Bei einer geschlossenen Feier im Burgtheater hat Direktor Stefan Bachmann die besondere Gabe von Schauspieler Branko Samarovski hervorgehoben. Seine Darbietungen würden viele Menschen zu Tränen rühren – zuletzt auch bei den Proben zu "Wir sind noch einmal davongekommen". Die Laudatio hielt Martin Schwab. Den vom Juwelier Wagner gestifteten Ehrenring überreichte Doyenne Barbara Petritsch.
Branko Samarovski wurde am 9. Juli 1939 in Zemun geboren, das heute ein Stadtteil von Belgrad ist. Bereits mit 14 Jahren begann er in Salzburg eine Lehre als Schlosser. Neben seiner Arbeit in diesem Beruf stand er auf der Elisabethbühne, nahm privaten Schauspielunterricht und schloss schließlich seine Schauspielausbildung am Mozarteum ab.

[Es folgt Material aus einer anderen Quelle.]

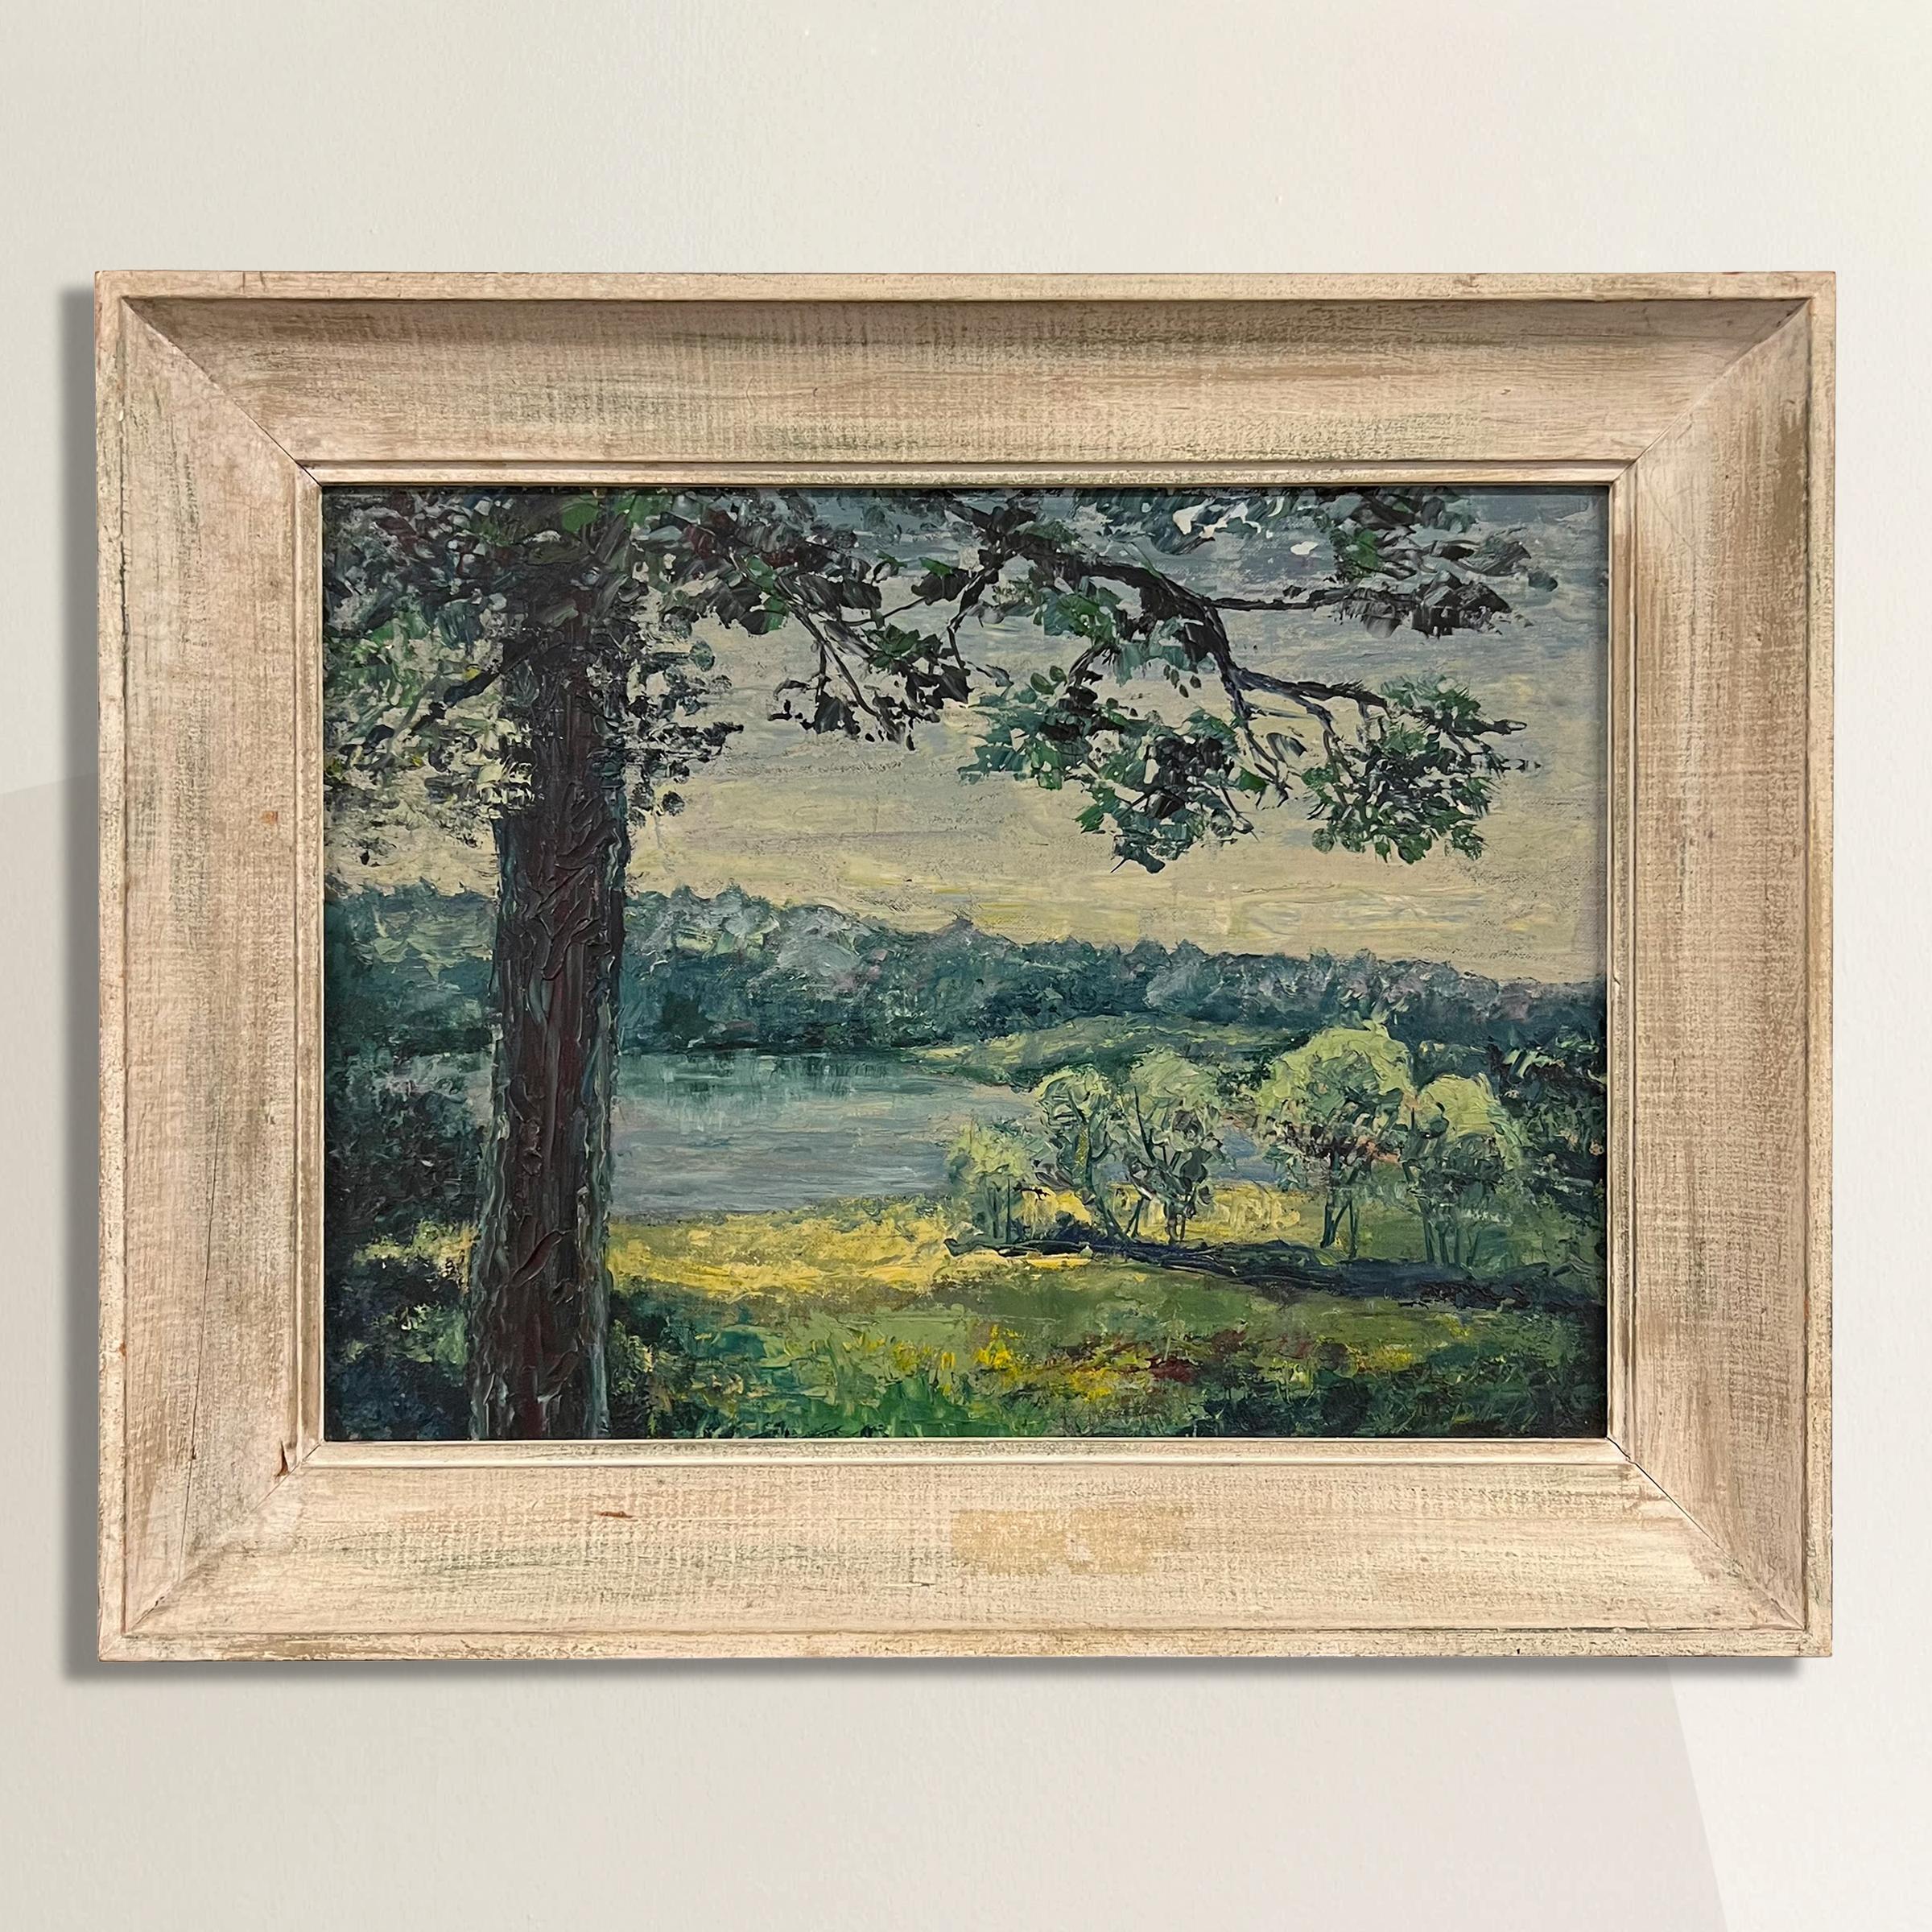 This mid-20th century American plein air painting invites you to a serene lakeside sanctuary.  Framing the composition is a majestic tree in the foreground that stretches towards the heavens and casts gentle shadows over a sunlit meadow. A radiant

Nach ersten Engagements in Graz und Darmstadt führte ihn sein Weg 1972 ans Stuttgarter Schauspielhaus. Dort lernte er Claus Peymann kennen, mit dem er 1979 ans Schauspielhaus Bochum wechselte. Nach einer Zeit an der Schaubühne Berlin kam er ans Burgtheater, wo er seit 1991 in unzähligen Rollen zu sehen war.
Allein am Burgtheater spielte Samarovski in weit mehr als 50 Rollen. Zu seinen bekanntesten Bühnenfiguren zählen Torquato Tasso und Mephisto in Inszenierungen von Peymann, Enobarbus in "Antonius und Cleopatra" sowie Firs in "Der Kirschgarten" unter der Regie von Peter Stein. Auch als Teufel in Gernot Friedels "Jedermann" am Salzburger Domplatz machte er sich einen Namen. Immer wieder arbeitete er mit Regiegrößen wie Andrea Breth und George Tabori zusammen. 2001 war er für den Nestroy-Preis als Bester Nebendarsteller in "Roberto Zucco" nominiert. 2009 wurde ihm der Titel Kammerschauspieler verliehen.
Auch im Film und Fernsehen ist Samarovski regelmäßig zu sehen. Sein Kinodebüt gab er 1978 in Herbert Achternbuschs Satire "Der junge Mönch". Er spielte unter anderem in mehreren Folgen des "Tatort", in Philipp Stölzls "Nordwand" und in David Schalkos Serie "Braunschlag" aus dem Jahr 2012. Besonders oft arbeitete er mit Michael Haneke zusammen, etwa in den Filmen "71 Fragmente einer Chronologie des Zufalls" (1994), "Wolfszeit" (2003) und "Das weiße Band" (2009).
Für seine Rolle als Invalide Andreas Pum in Hanekes Fernsehfilm "Die Rebellion" nach Joseph Roth wurde Samarovski mit dem Goldenen Kader des Verbands Österreichischer Kameraleute ausgezeichnet. Beim Österreichischen Filmpreis 2017 erhielt er für seine Darstellung im Film "Nebel im August" von Kai Wessel den Preis als bester Nebendarsteller. Die Jury des Filmfestivals Diagonale bezeichnete ihn 2022 bei der Verleihung des Großen Schauspielpreises als "ein Meister mit Charme, Klugheit und Mut".
Zu den lebenden Ehrenmitgliedern des Burgtheaters zählen neben Branko Samarovski die früheren Direktoren Klaus Bachler und Karin Bergmann sowie die Schauspieler Klaus Maria Brandauer, Michael Heltau, Sylvia Lukan, Barbara Petritsch und Martin Schwab.